I did a Wicked Wonderland last year, but a lot of the stuff would transfer easily enough. 
Heather's Creative Life
click on the "alice in wonderland" tag to find all the related posts

Some of the specific things you could use:

I went to a ceramics store and painted a giant tea cup that we used as a punch bowl - you can find them as planters sometimes too. 
Heather's Creative Life: Clean Cup, Move Down...
We filled it with long island iced tea, or you could just do regular iced tea or an arnie palmer style punch. 

Here was my menu - 
Heather's Creative Life: Wicked Wonderland Menu Teaser
a lot of this I have photos or recipes of on my blog if you use the search at the top of the page - particularly the mini cheesecakes, peppered pigs in a blanket, Queen's stolen tarts, and peanut butter balls 

I made "sculptures" of teacups/saucers/tea pots found at goodwill, hot glued them together and spray painted. I did mine creepy crackle, but you could do all gold or something for a more sweet effect. Could use them as vases for small spring flowers. 

Most party stores have "casino night" stuff that works for the card suits, I used a lot of that. 
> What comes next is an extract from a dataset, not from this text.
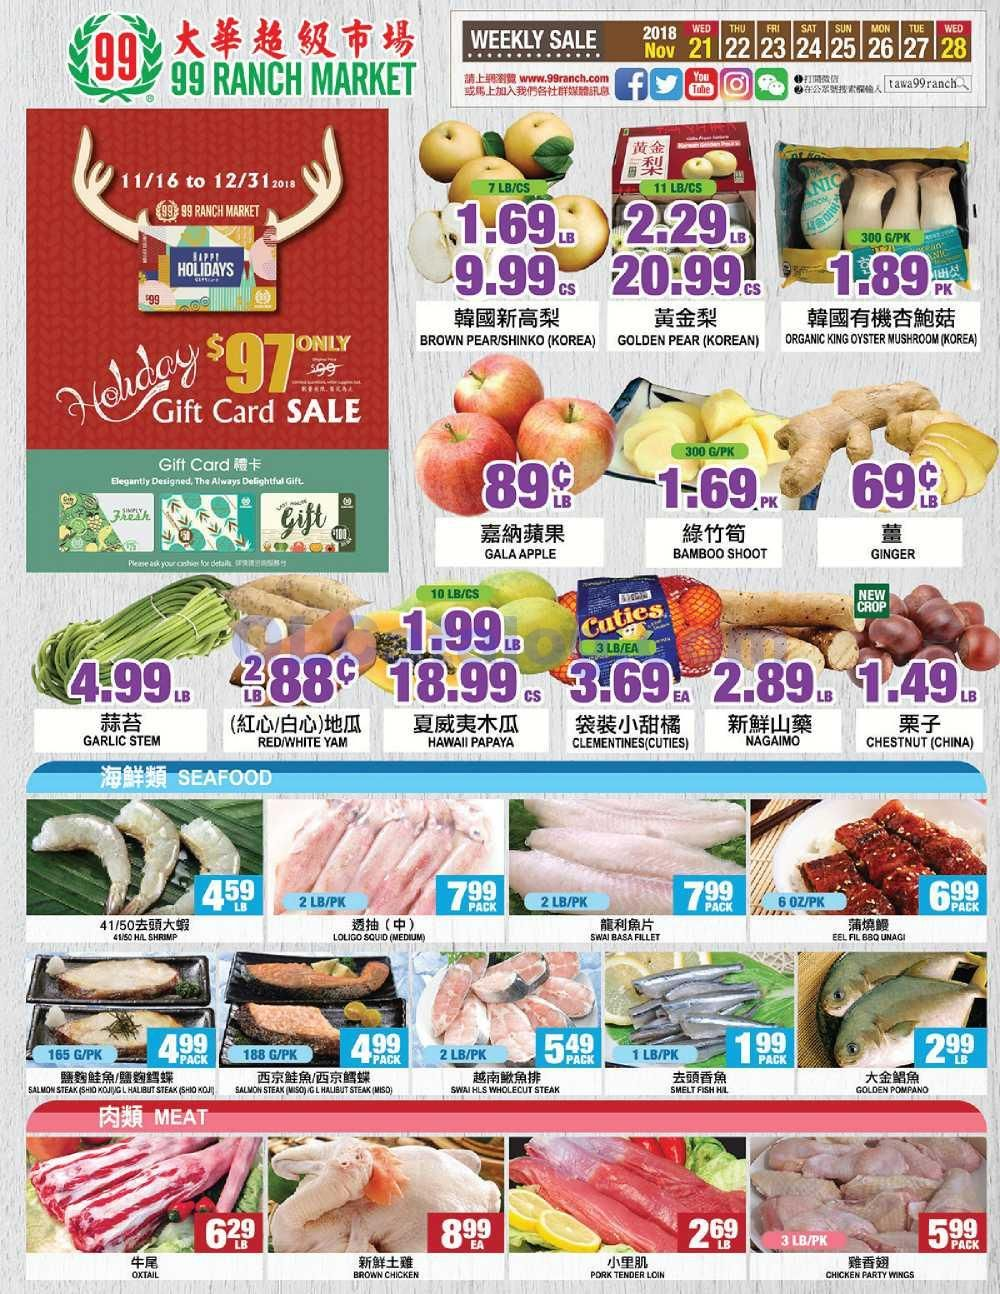 99 Ranch Market Weekly ad November 21 28, 2018. View the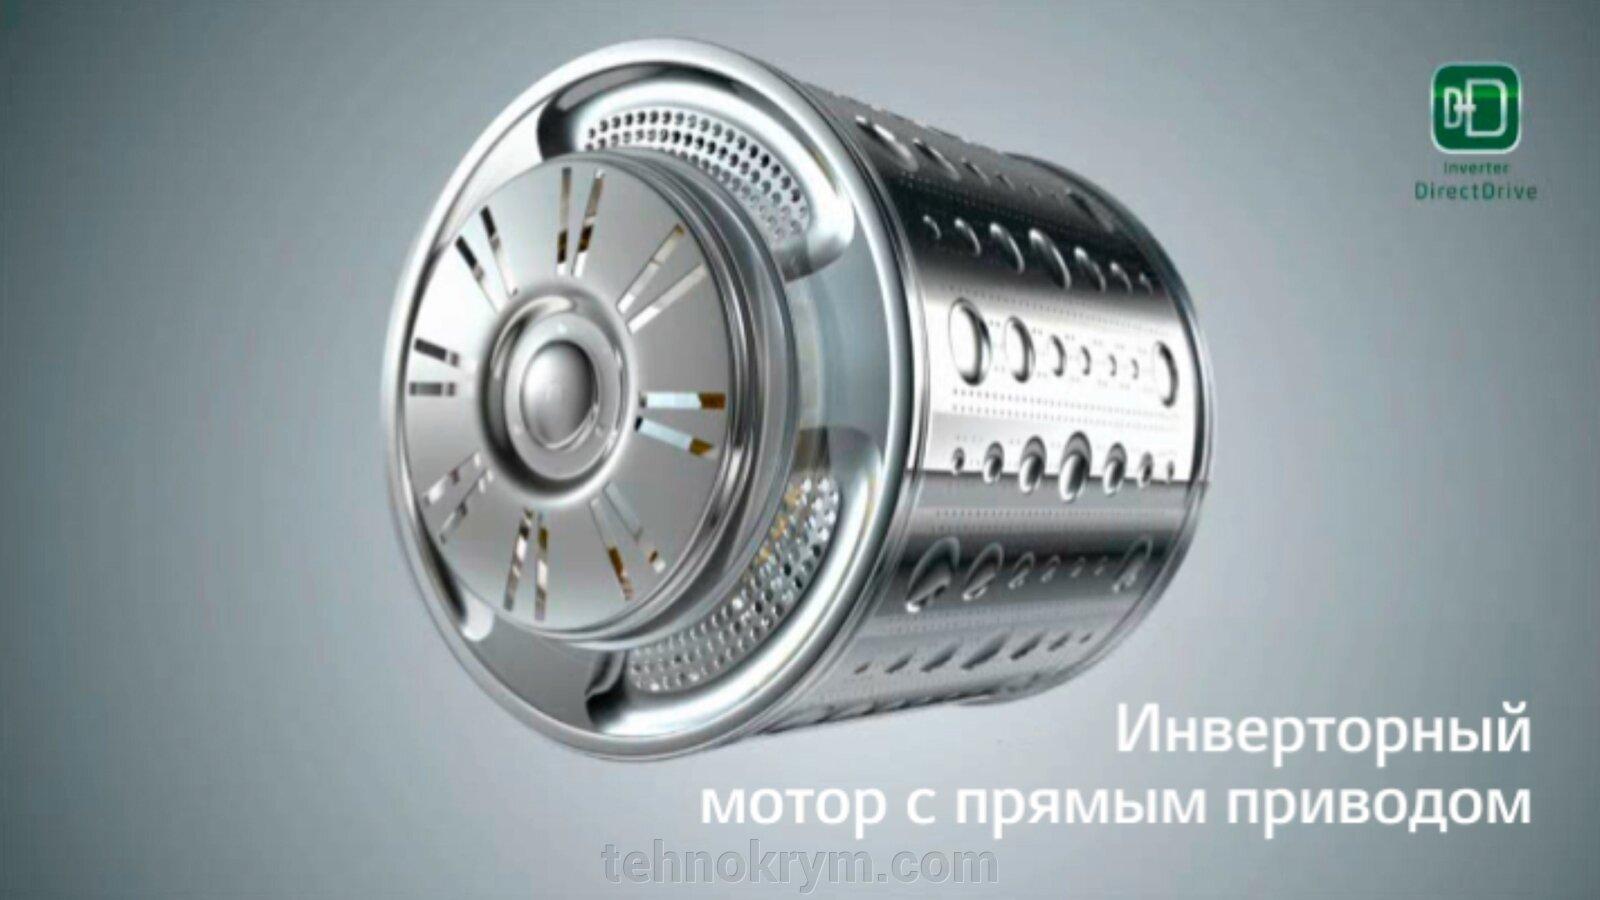 pic_a45ddf11feea33e9066e8ee4c041ec5c_1920x9000_1.jpg

There was just a feature on "hostess with the mostess" too:
REAL PARTIES: Alice in Wonderlandia


----------



## Spookilicious mama (Feb 27, 2008)

*Thanks for those great ideas guys! Im writing it all down If anyone else has anyother ideas please let me know*


----------



## HeatherEve1234 (Sep 5, 2008)

you should also look up moonchildani 's Wonderland party from last year, she has lots of photos in her album


----------



## Ghostly Duo (Aug 6, 2007)

I just had a small Wonderland party for my oldest daughter, she just turned 8.
We hung up a bunch of wonderland posters. I got our cake done at a local grocery store. They do this great thing with this sugar paper printer. So I brought in some pictures for them to work with. I also went to the dollar store bought some silk flowers and added some eyes and cards to them. We bought some top hats from a local party store they came in different colours. For lunch we served tea, sandwiches, jam tarts, empire cookies, that sort of thing.

Hope you have a great time!


----------



## angelagale12 (Jun 17, 2010)

Hello,


Hey.......guys........one site is in my knowledge which my frnd often use for her child that Baby-Shower-Favors  so if u want may visit here,it might have been useful for u.



Thanks


Regards
~~Angela~~


----------



## JahRah (Oct 23, 2009)

How did this turn out?? Do you have pictures??


----------



## Spookilicious mama (Feb 27, 2008)

*It hasnt happened yet Wont be until Late Septemeber. Ill keep you all posted*


----------